Gaudin, who has held the post for the past 10 years, is not only a close buddy of Sarkozy, he’s also the UMP’s vice-president. Defeat on Sunday would therefore not reflect too well on the president.

But let’s remember Sarkozy himself is not campaigning. He has already said as much on several occasions. After initially insisting that it was the job of the president to rally the troops, he saw his popularity ratings plummet and, deciding both he and his party would fare better if he kept a lower profile, left the bulk of the work to his prime minister, François Fillon.

So there was no way that Tuesday’s speech in which he addressed the FN’s pet issues of immigration, integration and national identity was a campaign address. Nor was it an appeal to a section of the voters that was vital in securing his election in last year’s presidential race.

No, no, this was, as Sarkozy insisted, a call for people simply to go out and cast their ballots on Sunday – regardless of how they were going to vote.

Clearly he had one eye on the disappointing turnout in last weekend’s first round. At just 65.7 per cent, it was the lowest in local elections since 1959.

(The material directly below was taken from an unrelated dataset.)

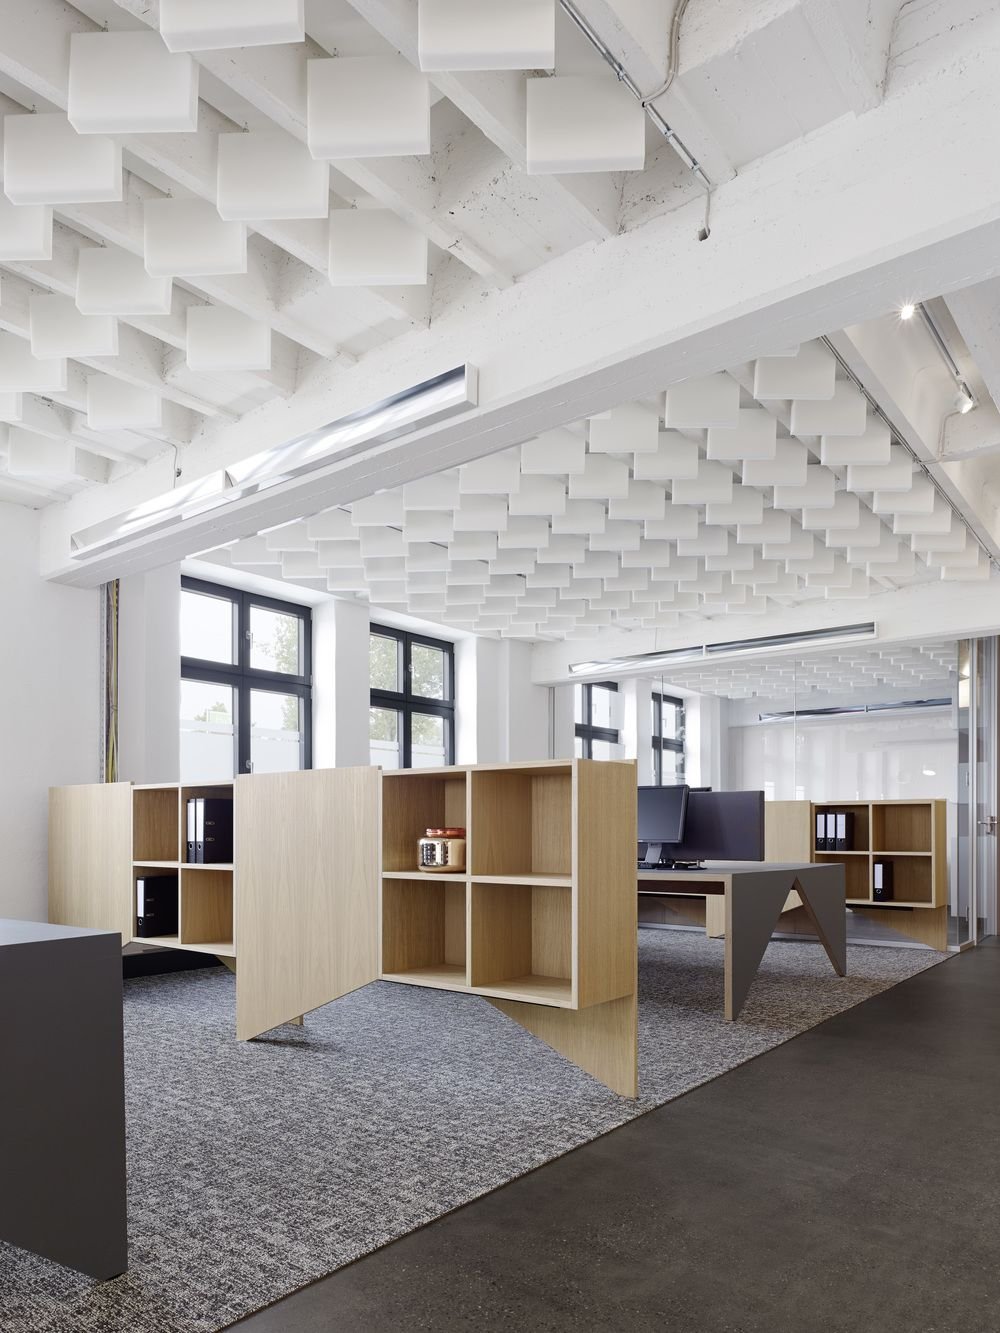 Innenarchitektur stuttgart b ro office movet office loft arbeitswelt nachhaltigkeit - Innenarchitektur stuttgart ...
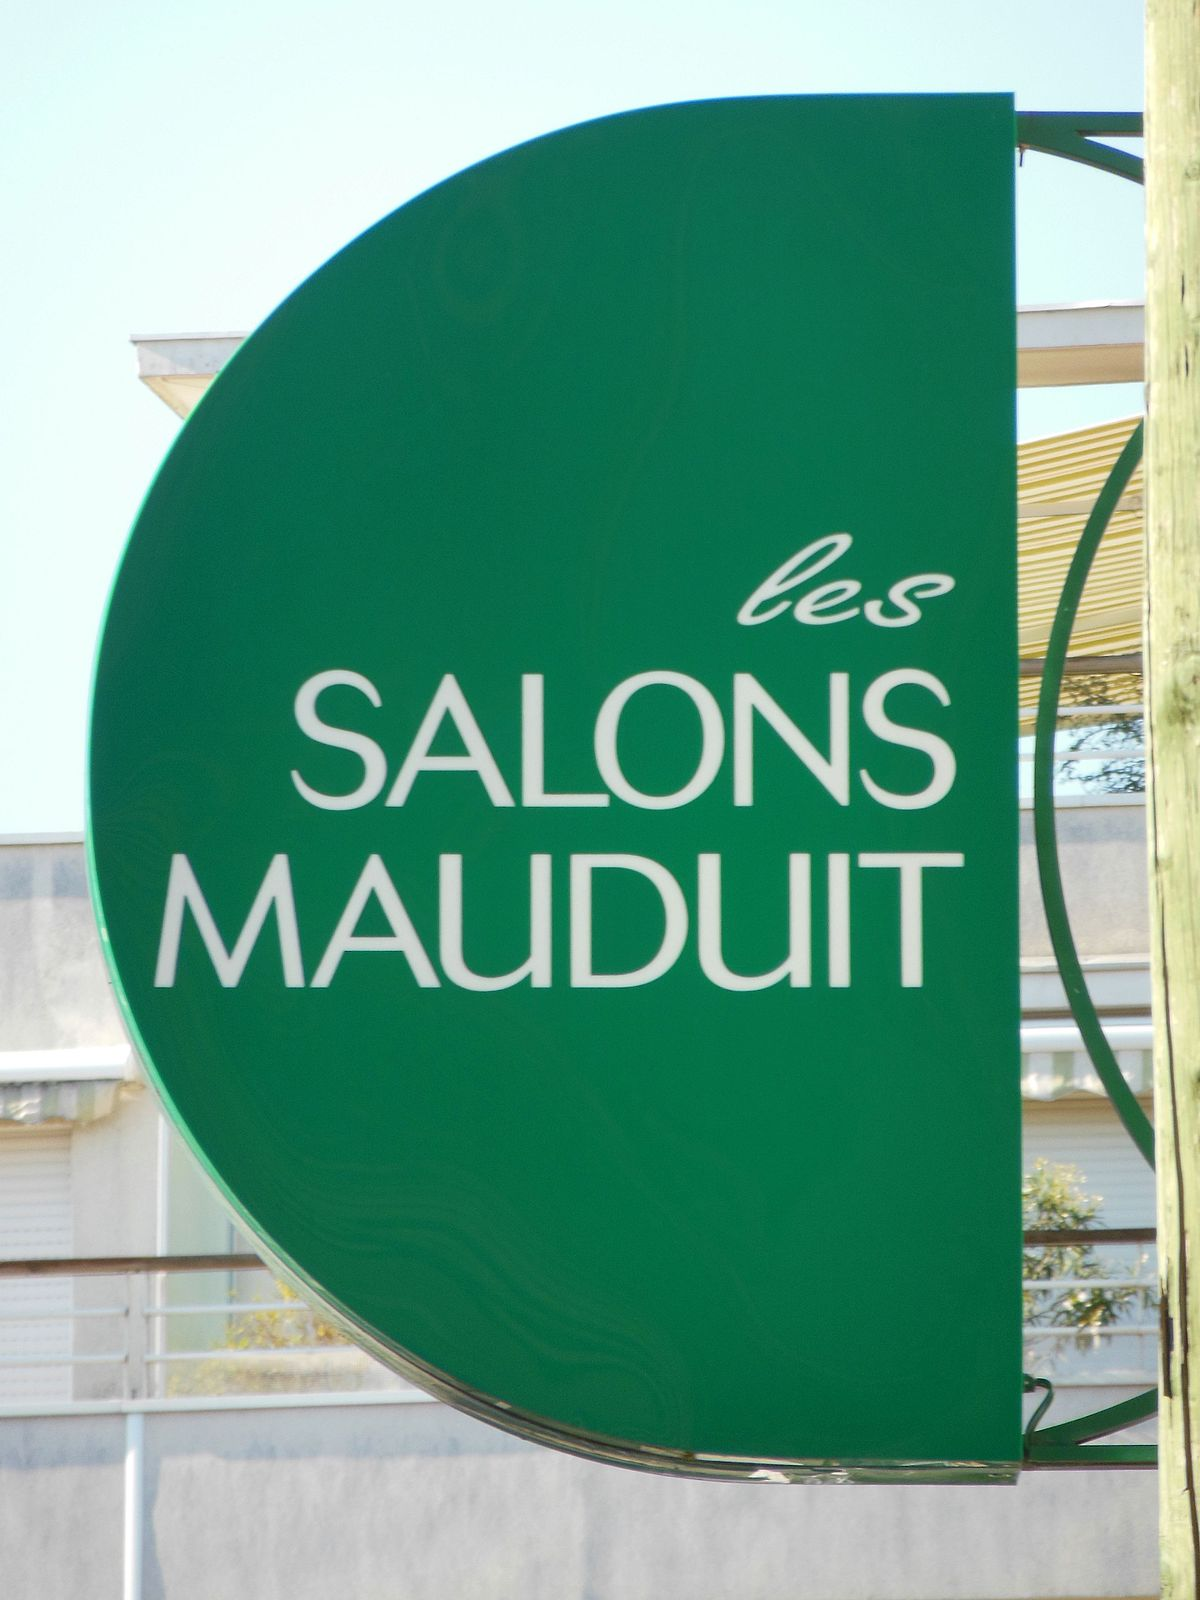 Salons Mauduit  U2014 Wikip U00e9dia

His other eye, reporters have suggested, was on his mobile ‘phone, scanning for incoming text messages, just as he was caught doing on camera during a state visit to Saudi Arabia back in January.

He repeated Fillon’s assertion that these elections were not a vote on the success of government policies – or the lack thereof. Voting should not hinge on national issues, he argued, but be driven by local matters closer to the hearts of the electorate.

Such statements though do not seem to be falling on particularly sympathetic ears and perhaps only serve to underline his unpopularity and the general dissatisfaction felt throughout much of the country with his inability to deliver on his own electoral promise of increasing purchasing power.

Marseille isn’t the only traditional UMP stronghold under threat on Sunday. Nice, Strasbourg and Toulouse could all swing to the Socialists.

Further proof perhaps that Sarkozy himself doesn’t believe in what he’s saying is that although he might maintain the local elections are not a vote on national issues, he has also promised to draw lessons from whatever the electorate might say.

And he’s slated to put in another two non-campaigning appearances in two other towns before the week is up.